9.12.2024
Machtwechsel in Syrien HTS und die ungewisse Zukunft

Syriens ungewisse Zukunft nach Assads Fall: Experten befürchten Machtkämpfe

Der Sturz Baschar al-Assads und die Machtübernahme durch die Rebellenallianz unter Führung der islamistischen HTS werfen viele Fragen zur Zukunft Syriens auf. Trotz der Freude über das Ende der Assad-Ära in weiten Teilen des Landes warnen Experten vor drohenden internen Machtkämpfen und weiterer Destabilisierung. Wie die Frankfurter Allgemeine Zeitung (F.A.Z.) berichtet, schätzt der Syrien-Experte Charles Lister vom Middle East Institute die Wahrscheinlichkeit solcher Konflikte als "sehr hoch" ein.

Im Mittelpunkt steht die Figur von HTS-Anführer Abu Muhammad al-Golani. Die F.A.Z. zitiert Lister, der Golani als "entschlossene und ehrgeizige Person" beschreibt, die sowohl in Damaskus aufgewachsen ist als auch Dschihad-Erfahrung besitzt. Diese Kombination aus Vertrautheit mit der syrischen Gesellschaft und radikalislamischem Hintergrund mache ihn zu einer komplexen Persönlichkeit. Lister hält Golanis Entwicklung hin zu einem pragmatischen syrischen Nationalisten zwar für authentisch, glaubt aber nicht an ein vollständiges Abstreifen seiner konservativen Überzeugungen. Golani sei pragmatisch genug, um zu verstehen, dass er diese in einem multiethnischen und multikonfessionellen Staat wie Syrien nicht durchsetzen könne, so Lister gegenüber der F.A.Z.

Die derzeitige Euphorie über den Machtwechsel, so Lister in der F.A.Z., werde die verschiedenen Rebellengruppen nur kurzfristig einen. Sobald es um wichtige Entscheidungen gehe, rechnet er mit Konflikten. Golanis Reise von Idlib nach Damaskus deute darauf hin, dass er sich als Königsmacher sieht. Die unterschiedlichen Interessen der Rebellengruppen, insbesondere die Ablehnung von HTS durch die südlichen Rebellen, könnten zu gewaltsamen Auseinandersetzungen führen.

Auch das Verhältnis zwischen HTS und der Türkei spielt eine wichtige Rolle. Laut Lister gibt es einen ständigen Kommunikationskanal zwischen HTS und dem türkischen Geheimdienst MIT. HTS sei auf die Türkei angewiesen und wolle Ankara nicht verärgern.

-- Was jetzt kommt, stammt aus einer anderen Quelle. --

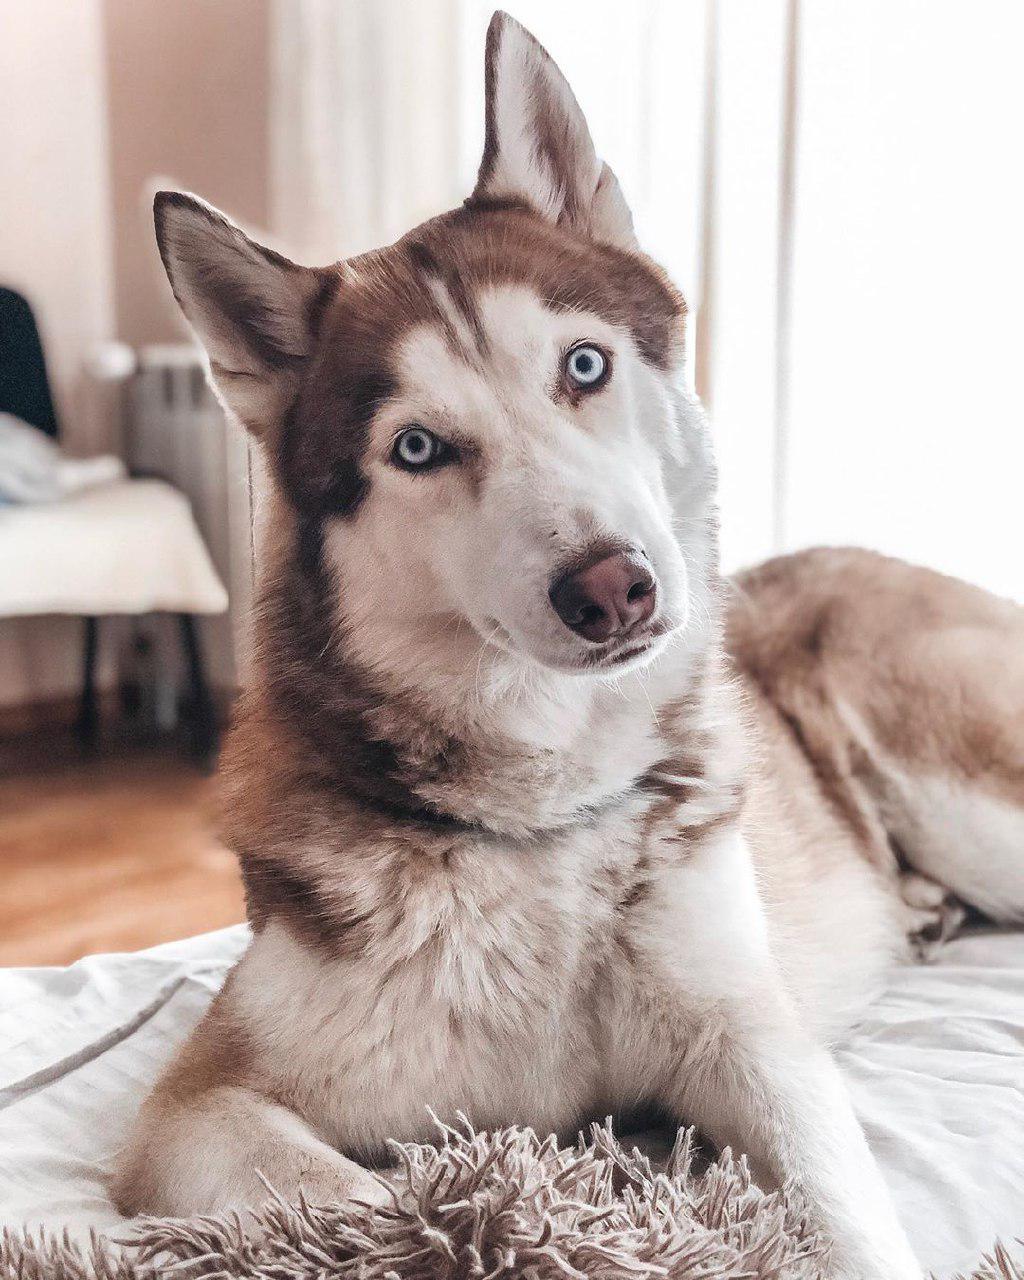 A Siberian Husky lying on the bed while tilting its head

Ob die Türkei der aktuellen Offensive zugestimmt hat, bezweifelt Lister jedoch. Die F.A.Z. berichtet, dass die Türkei eine für Oktober geplante Offensive gestoppt habe. Die jetzige Offensive habe die Türkei überrascht, so Lister. Ankara sei erst später eingestiegen, als das Assad-Regime ins Wanken geriet.

HTS hat zuletzt im Westen an Glaubwürdigkeit gewonnen, unter anderem durch Kontakte mit Großbritannien und den USA. Die Gruppe strebt die Streichung von den Terrorlisten an, was laut Lister ein langwieriger Prozess sei. HTS müsse seinen Worten Taten folgen lassen und insbesondere für vergangene Verbrechen Verantwortung übernehmen, so Lister gegenüber der F.A.Z.

Während HTS in Idlib in den letzten Jahren pragmatisch regiert und beispielsweise Christen weitgehend unbehelligt gelassen hat, berichtet die F.A.Z. auch über die Schattenseiten der HTS-Herrschaft. Die Gruppe unterhalte einen Polizeistaat, in dem Andersdenkende verfolgt, willkürlich verhaftet und gefoltert würden. Diese autoritären und diktatorischen Tendenzen seien ein größeres Problem als die islamistische Ausrichtung von HTS, so Lister.

Assads Flucht nach Russland, wo er politisches Asyl erhalten hat, wurde ebenfalls von der F.A.Z. thematisiert. Es bleibt abzuwarten, welche Rolle Assad zukünftig spielen wird und ob ihm politische Auftritte in Russland erlaubt werden.

Syriens Zukunft bleibt ungewiss. Die Hoffnung auf Frieden und Stabilität nach Assads Sturz ist groß, aber die Gefahr interner Konflikte und einer weiteren Gewalteskalation ist real. Die internationale Gemeinschaft steht vor der Herausforderung, den Friedensprozess zu unterstützen und eine weitere Destabilisierung des Landes zu verhindern.